Several of the tools used for automated testing have record and playback features that allow users to record user actions and replay them repeatedly for the purposes of comparing expected results with actual outcomes. However, these features can introduce some reliability and maintainability issues because modifications to the GUI such as button name changes and relocations require that the test be recorded again.
There are several variations of GUI testing. One is used to test web sites. In these cases, the interface is the web page and it “observes” HTML rather than window events. Another variation is called script-less test automation. It does not use record/playback, but builds a model of the application being tested and enables the tester to create test cases by editing in test parameters and conditions. Despite the name, this does not require scripting skills, but has the flexibility and power of scripting.

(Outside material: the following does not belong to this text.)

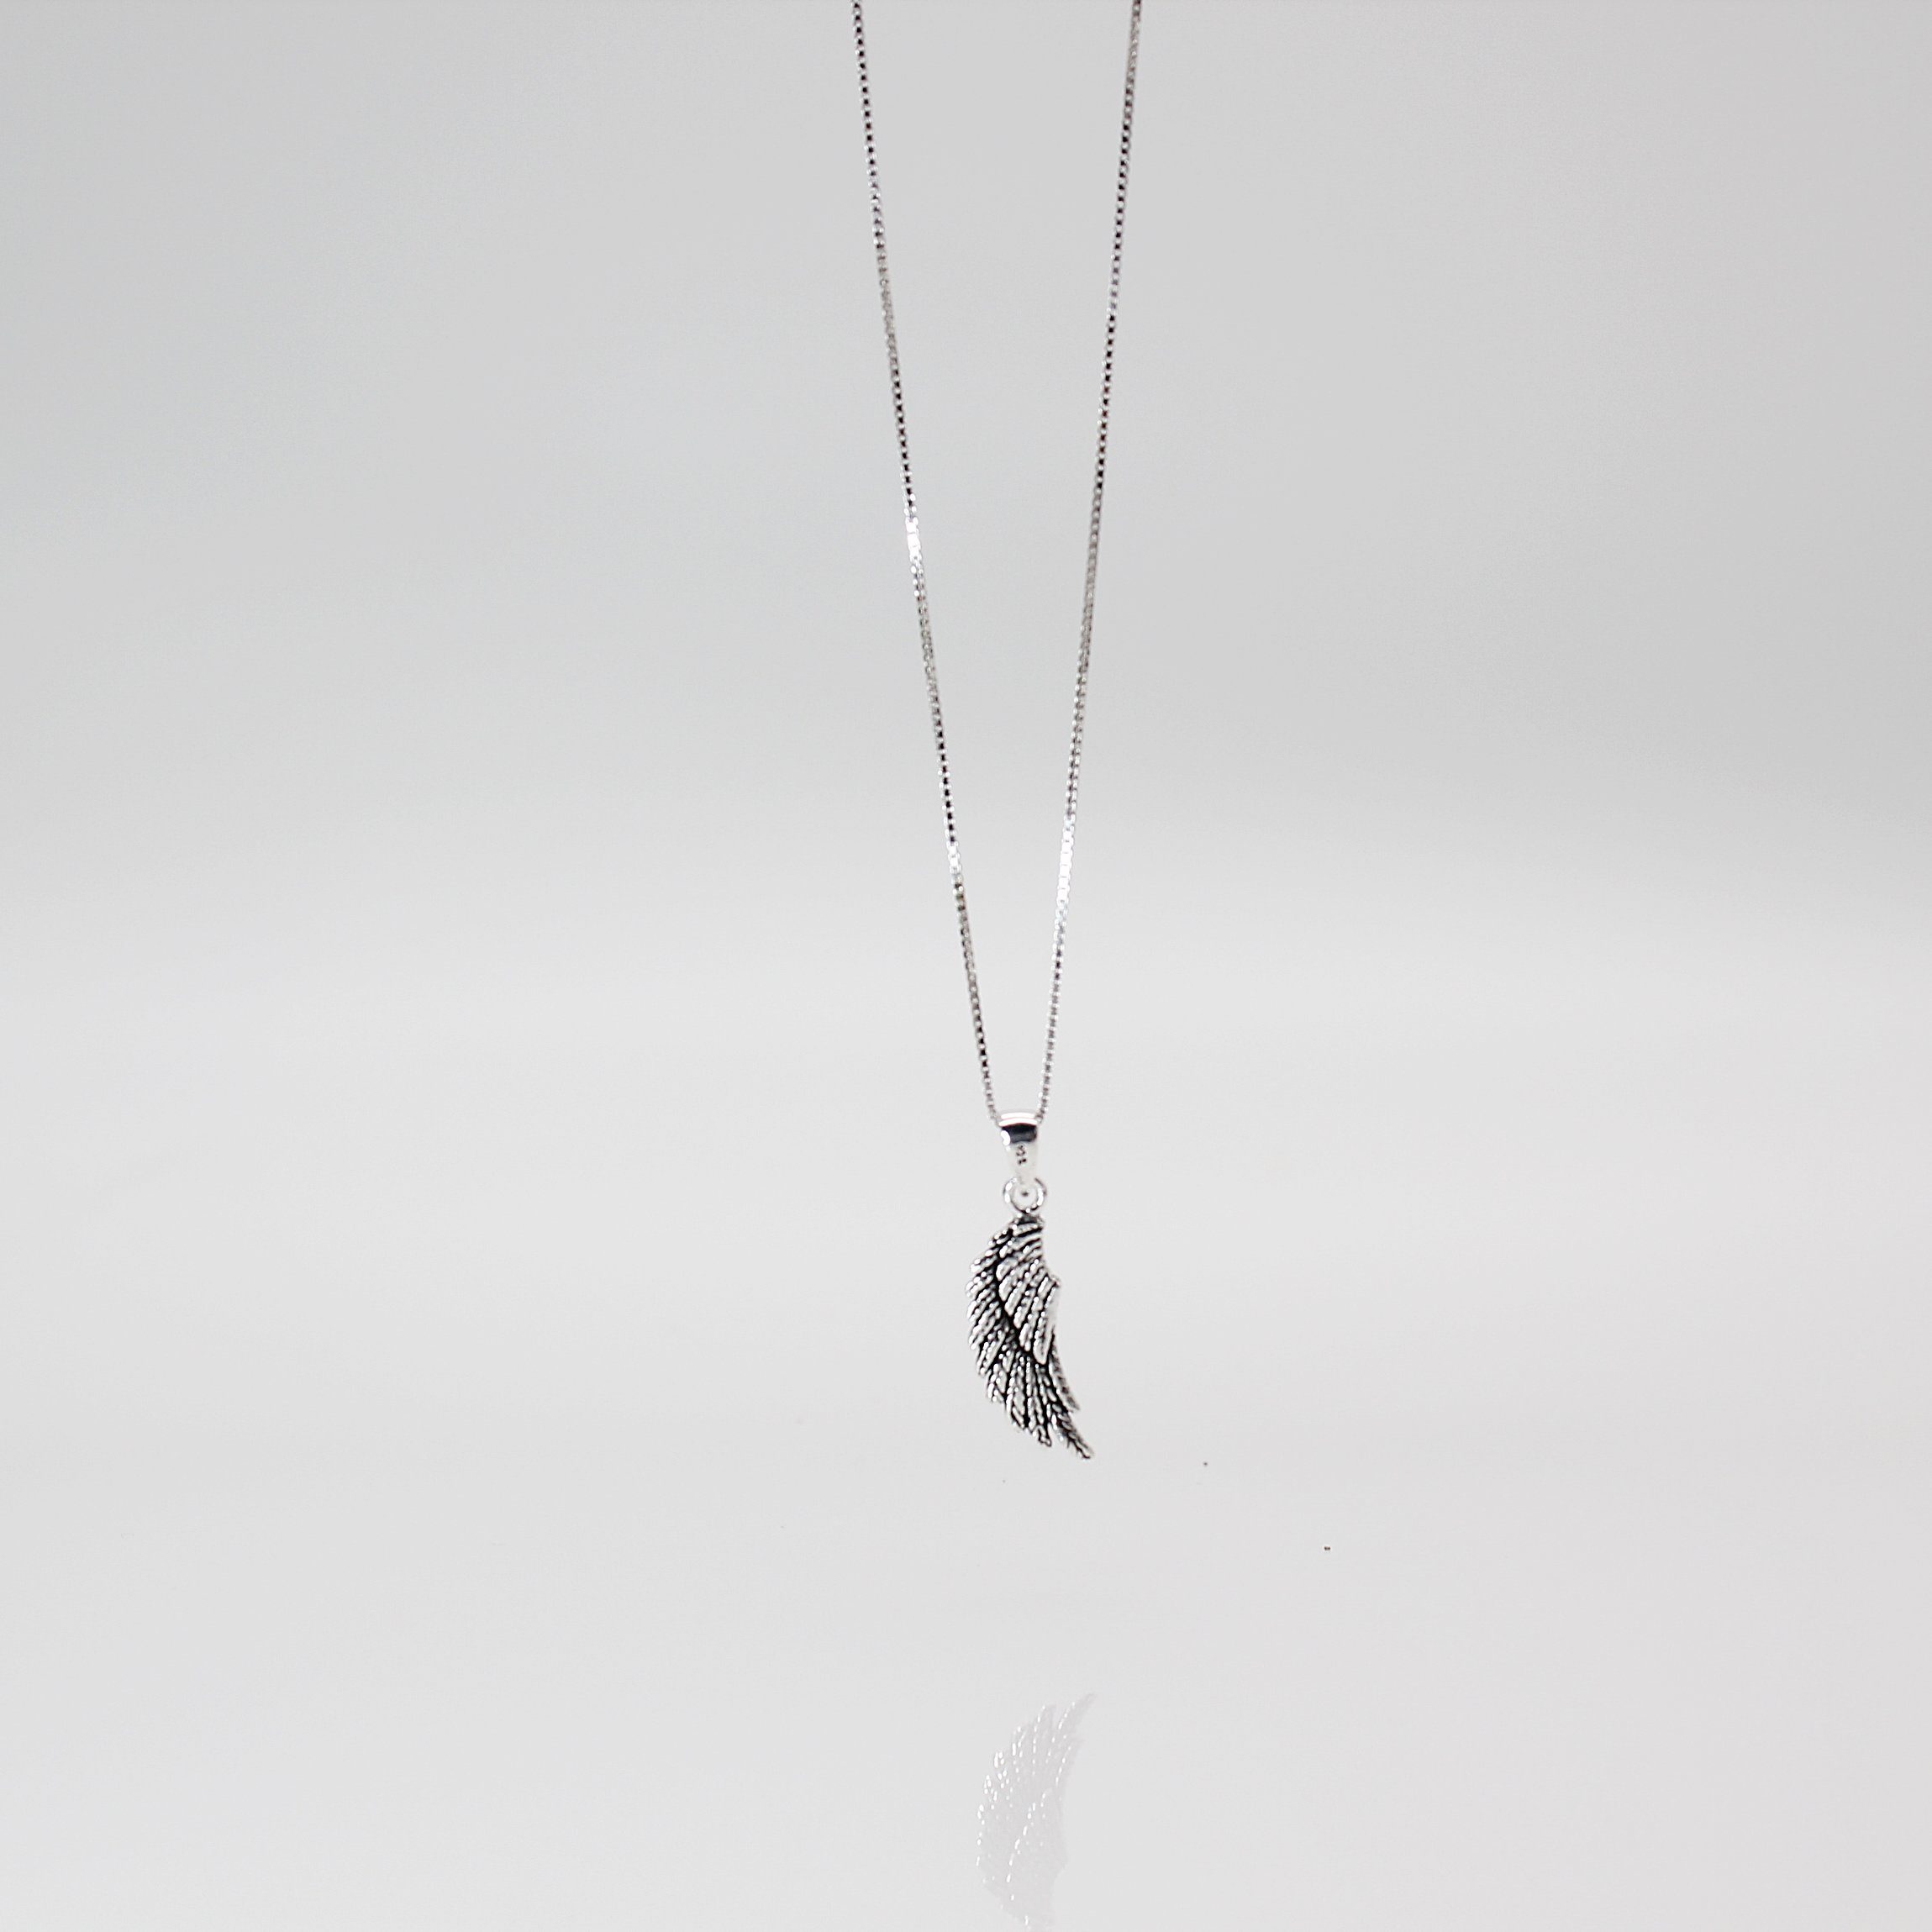 ELLAWIL Silberkette Kette mit Engelsflügel Anhänger Anhänger Engel Flügel Silberkette (Kettenlänge 45 cm, Sterling Silber 925), inklusive Geschenkschachtel | Silberketten

Comparison: Manual Testing vs. Automated Testing
A common message when weighing manual testing vs. automated testing, automated software testing is often thought to be the best way to increase the effectiveness, efficiency and coverage of your software testing because they usually save time and money, improve accuracy, and assist developers and tester in doing things that manual tests simply cannot. A computer can follow a sequence of steps faster than a person, and can run continuously overnight if necessary.
However, there are some that believe that while manual tests are indeed labor- intensive, it is incorrect to underplay the importance of human intelligence and assume that all manual testing can be replaced by automated tools. Also, one must consider that sometimes the time spent creating the automated test can sometimes match the time saved by the testing. As a matter of fact, depending on the type of system being tested and the tools that are chosen for test automation, some automated testing may require more labor than a manual testing approach. In addition to this, sometimes interpreting the results of the large amount of data produced by automated testing tools can present a challenge of its own. This means that automated testing becomes more cost effective in cases of regression testing and test-driven development, when the same tests can be reused many times over the results can be interpreted quickly. So if test software is not likely to be used in the future, then a manual approach is more favorable.
Items such as device drivers and software libraries should be tested using the automated testing approach. In addition to this, for performance testing and load testing (testing large numbers of users) it is better to simulate with automated testing rather than manual testing.
On the other hand, GUIs where the layout changes frequently are extremely difficult to check using automated testing. There are test frameworks that may be useful for regression testing of GUIs but they rely on recording sequences of keystrokes and mouse movements, followed by playback and observation of user interface response. If these buttons are moved or changed in any other way in subsequent releases, these recordings may not work properly. In these cases, manual testing may be more effective then automated testing. When making decisions regarding manual testing vs. automated testing, one should take into account the items being tested. In some instances, one form of testing may be more useful than the other, but neither is ideal for all cases.